Area Thermal Expansion Formula |
||
|
\( \Delta A \;=\; A_f - A_i \) (Area Thermal Expansion) \( A_f \;=\; \Delta A + A_i \) \( A_i \;=\; A_f - \Delta A \) |
||
| Symbol | English | Metric |
| \( \Delta A \) = Area Thermal Expansion | \(in^2\) | \(mm^2\) |
| \( A_f \) = Object Final Area | \(in^2\) | \(mm^2\) |
| \( A_i \) = Object Initial Area | \(in^2\) | \(mm^2\) |
Area thermal expansion, abbreviated as \( \Delta A\), also known as aerial thermal expansion, is the change in size of a two-dimensional surface, such as the surface area of a material, due to temperature changes. It's a concept related to thermal expansion, which describes how materials change in size, volume, or shape when subjected to temperature variations. When a material's temperature increases, its particles gain energy and move more vigorously, causing the material to expand. This expansion can manifest in various ways, including changes in linear dimensions (length, width, height), volume, and surface area.
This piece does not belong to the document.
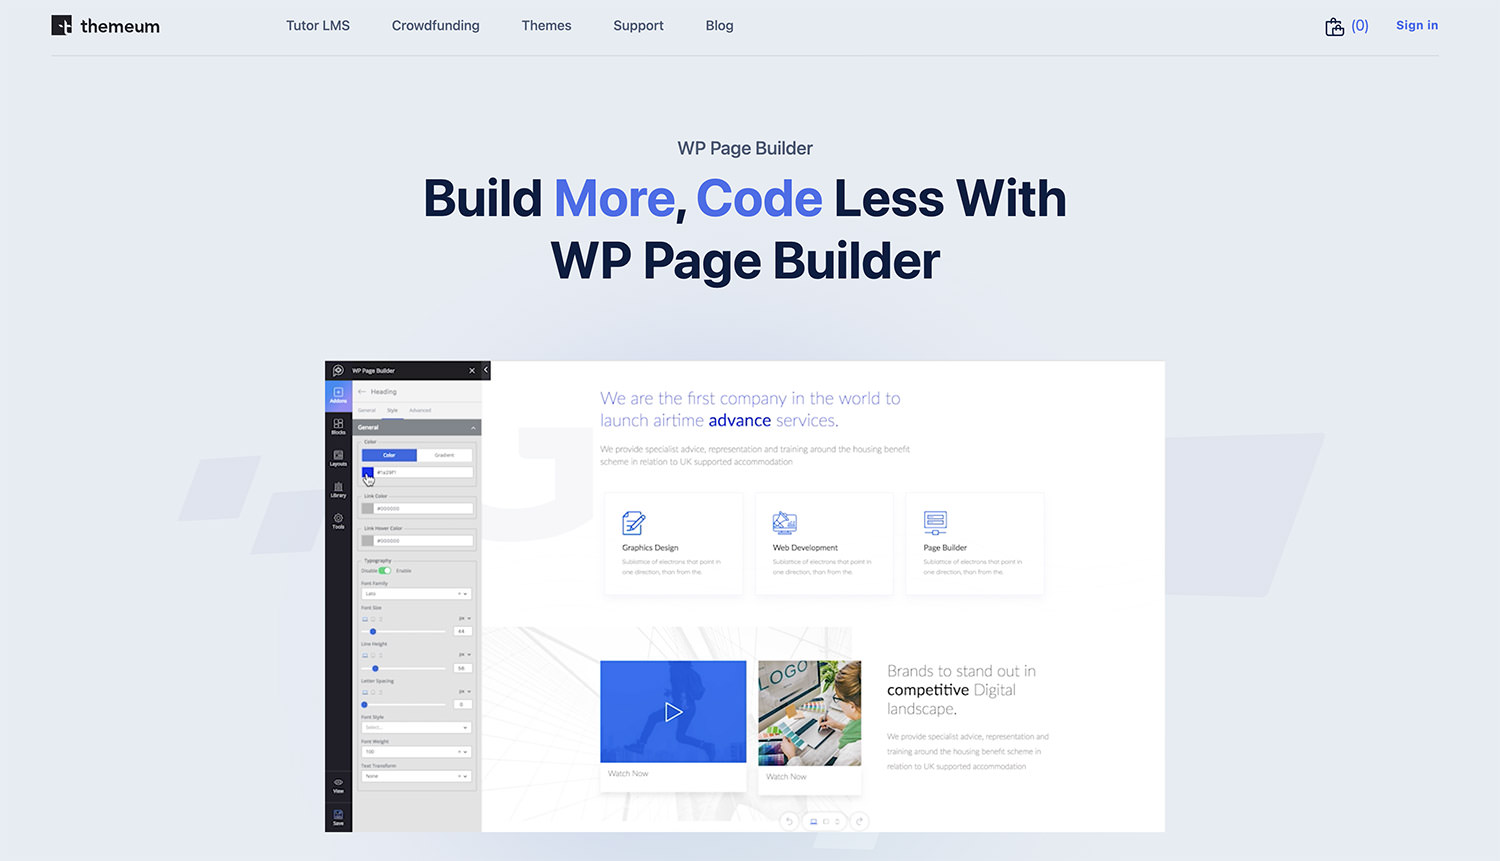 WP Page Builder platform

Area Thermal Expansion Formula |
||
|
\( \Delta A \;=\; 2 \cdot \overrightarrow{\alpha_l} \cdot A_i \cdot \Delta T \) (Area Thermal Expansion) \( \overrightarrow{\alpha_l} \;=\; \dfrac{ \Delta A }{ 2 \cdot A_i \cdot \Delta T }\) \( A_i \;=\; \dfrac{ \Delta A }{ 2 \cdot \overrightarrow{\alpha_l} \cdot \Delta T }\) \( \Delta T \;=\; \dfrac{ \Delta A }{ 2 \cdot \overrightarrow{\alpha_l} \cdot A_i }\) |
||
| Symbol | English | Metric |
| \( \Delta A \) = Area Thermal Expansion | \(in^2\) | \(mm^2\) |
| \( \overrightarrow{\alpha_l} \) (Greek symbol alpha) = Linear Thermal Expansion Coefficient | \(in \;/\; in\;F\) | \(mm \;/\; mm\;C\) |
| \( A_i \) = Object Initial Area | \(in^2\) | \(mm^2\) |
| \( \Delta T \) = Temperature Differential | \(F\) | \(C\) |
Understanding and considering area thermal expansion is crucial in various fields, such as materials science, engineering, and manufacturing, where changes in temperature can lead to deformations, stresses, and potential failures if not properly accounted for in design and analysis.